This substratum is a construct of the mind in an attempt to bind all the qualities seen together; it is only "a supposition of
an unknown support of qualities that are able to cause simple
ideas in us." Without making a substratum, people would be at a loss as to how different qualities relate. Locke does, however, mention that this substratum is an unknown, relating it to the story of the world on the turtle's back and how the believers eventually had to concede that the turtle just rested on "something he knew not what". This is how the mind perceives all things and from which it can make ideas about them; it is entirely relative, but it does provide a "regularity and consistency to our ideas". Substance, overall, has two sets of qualities — those that define it, and those related to how we perceive it. These qualities rush to our minds, which must organize them. As a result, our mind creates a substratum (or substance) for these objects, into which it groups related qualities.
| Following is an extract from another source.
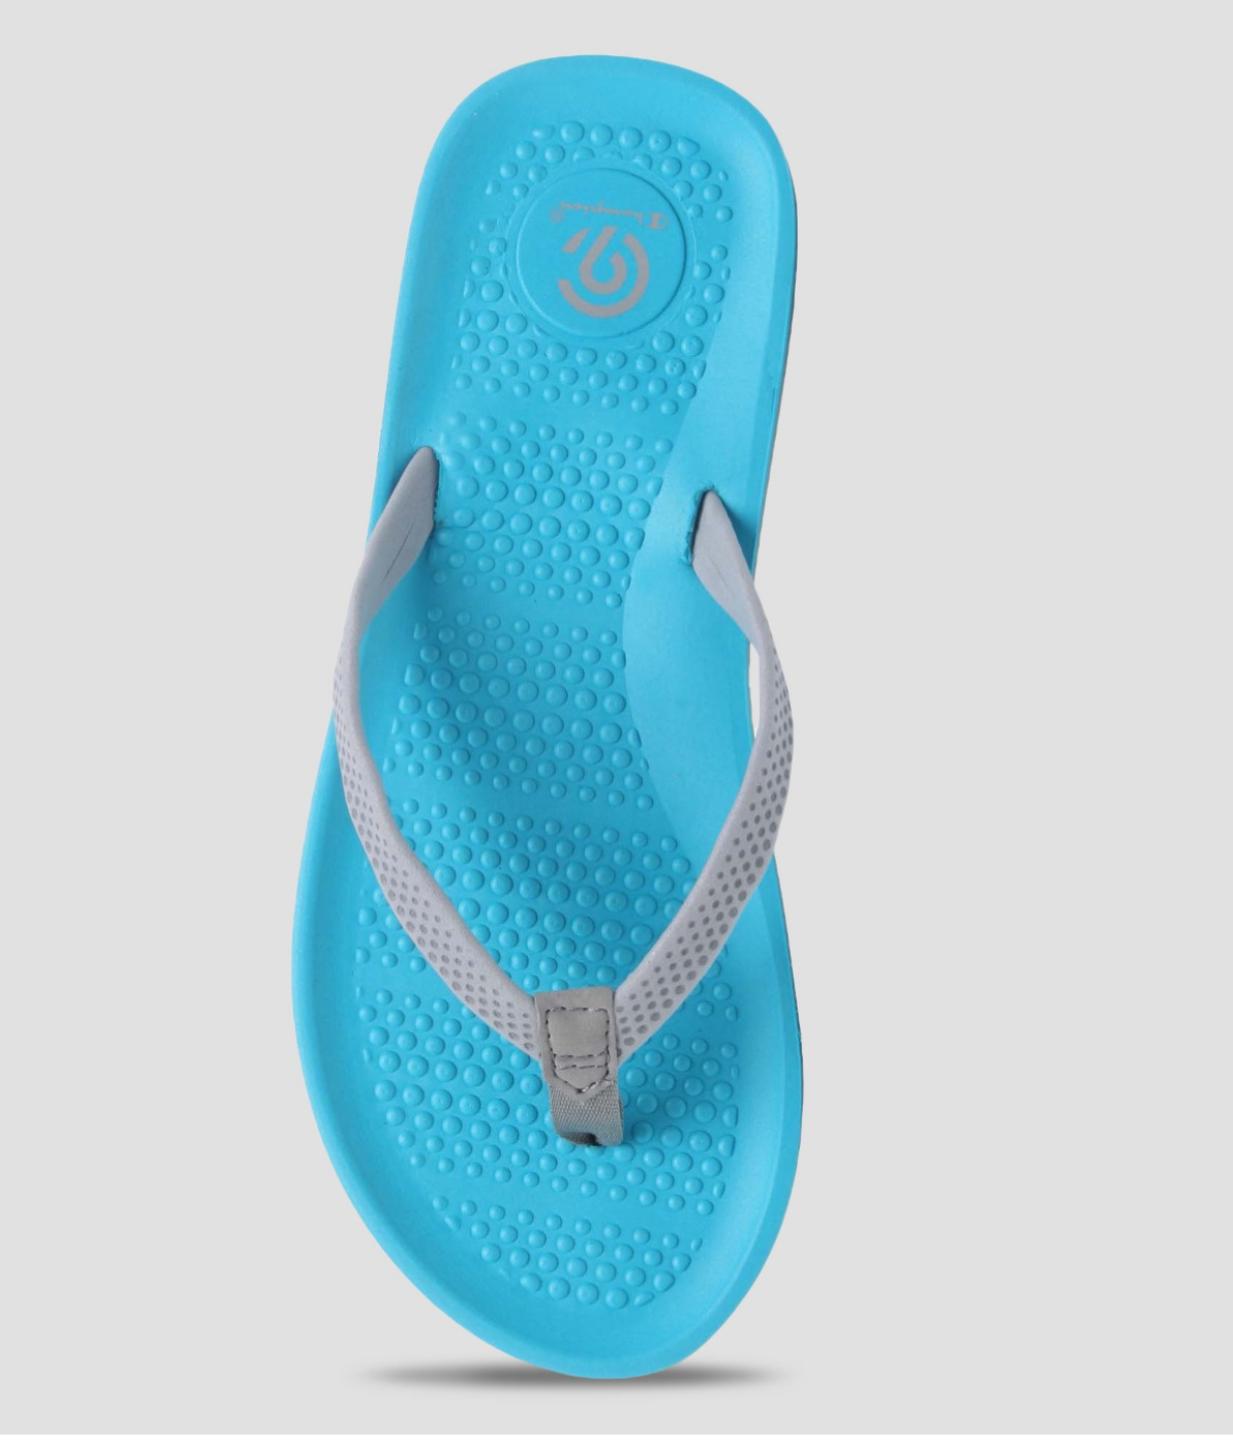 *C9 Champion Women/'s Veanna Cushion Lite Comfort Flip Flop Sandals Black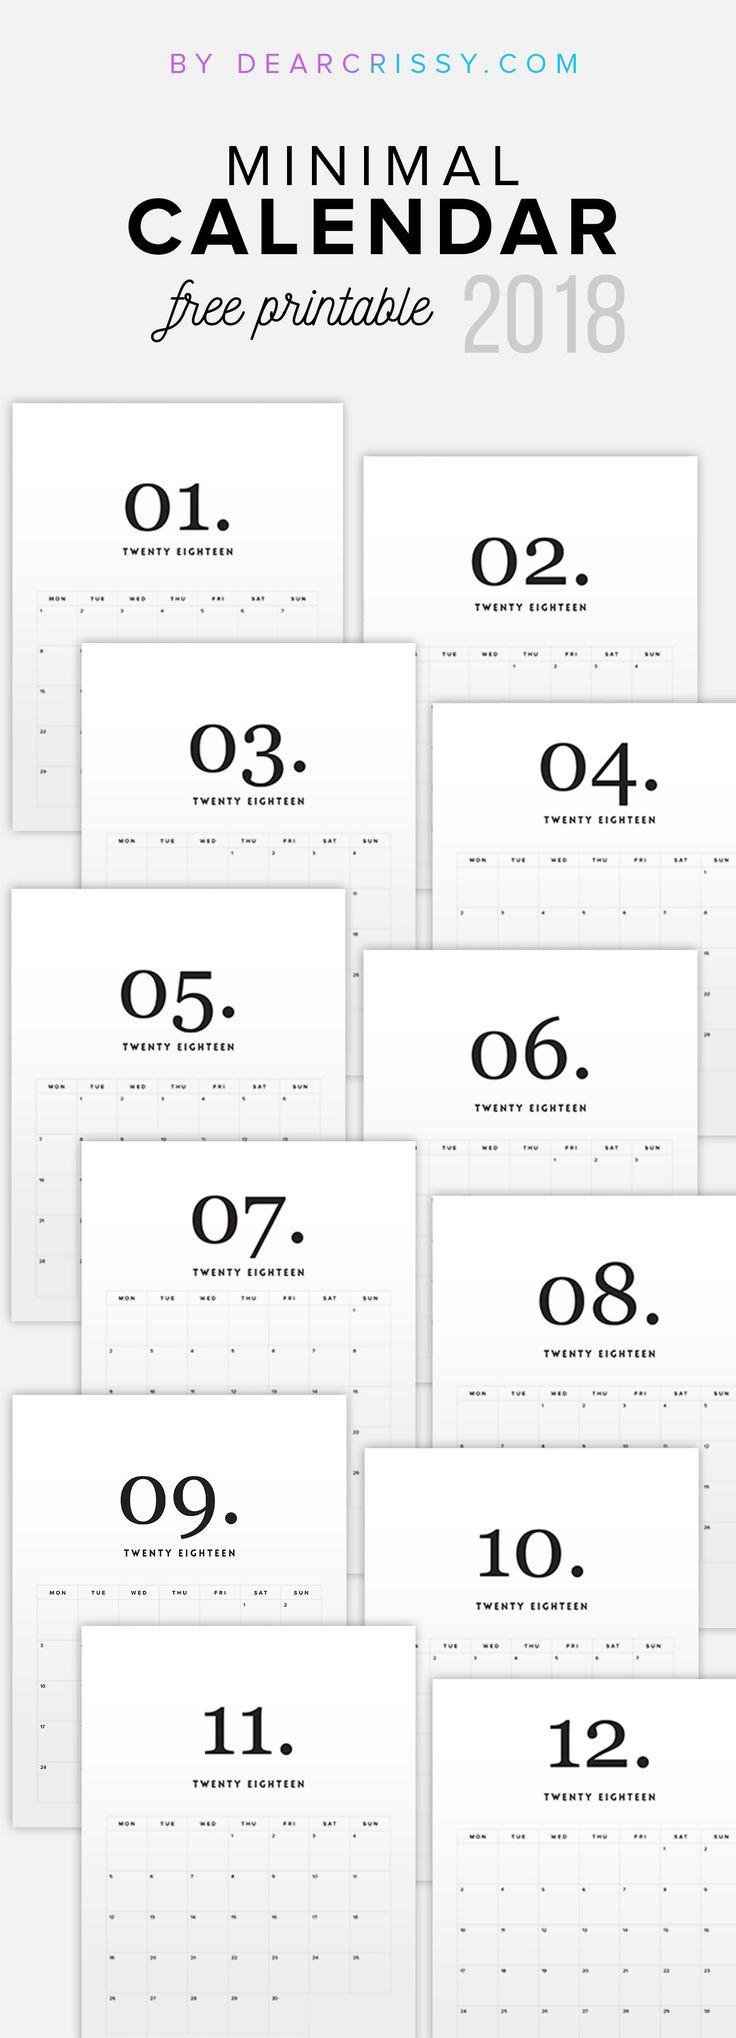 Free Printable 2018 Minimal Calendar - Modern Calendar - Minimalist Calendar - Clean White Calendar 2018 - #2018Calendar #FreePrintable #Calendar #minimalist #modern #simple

== Criticism of soul as substance ==
Kant observed that the assertion of a spiritual soul as substance could be a synthetic proposition which, however, was unproved and completely arbitrary. Introspection does not reveal any diachronic substrate remaining unchanged throughout life. The temporal structure of consciousness is retentive-perceptive-prognostic. The selfhood arises as result of several informative flows: (1) signals from our own body; (2) retrieved memories and forecasts; (3) the affective load: dispositions and aversions; (4) reflections in other minds. Mental acts have the feature of appropriation: they are always attached to some pre-reflective consciousness. As visual perception is only possible from a definite point of view, so inner experience is given together with self-consciousness. The latter is not an autonomous mental act, but a formal way how the first person has their experience. From the pre-reflective consciousness, the person gains conviction of their existence. This conviction is immune to false reference. The concept of person is prior to the concepts of subject and body. The reflective self-consciousness is a conceptual and elaborate cognition. Selfhood is a self-constituting effigy, a task to be accomplished. Humans are incapable of comprising all their experience within the current state of consciousness; overlapping memories are critical for personal integrity. Appropriated experience can be recollected. At stage B, we remember the experience of stage A; at stage C, we may be aware of the mental acts of stage B. The idea of self-identity is enforced by the relatively slow changes of our body and social situation. Personal identity may be explained without accepting a spiritual agent as subject of mental activity. Associative connection between life episodes is necessary and sufficient for the maintenance of a united selfhood. Personal character and memories can persist after radical mutation of the body.

==Irreducible concepts==

Two irreducible concepts encountered in substance theory are the bare particular and inherence.

===Bare particular===
In substance theory, a bare particular of an object is the element without which the object would not exist, that is, its substance, which exists independently from its properties, even if it is impossible for it to lack properties entirely. It is "bare" because it is considered without its properties and "particular" because it is not abstract. The properties that the substance has are said to inhere in the substance.

===Inherence===
Another primitive concept in substance theory is the inherence of properties within a substance. For example, in the sentence, "The apple is red" substance theory says that red inheres in the apple. Substance theory takes the meaning of an apple having the property of redness to be understood, and likewise that of a property's inherence in substance, which is similar to, but not identical with, being part of the substance.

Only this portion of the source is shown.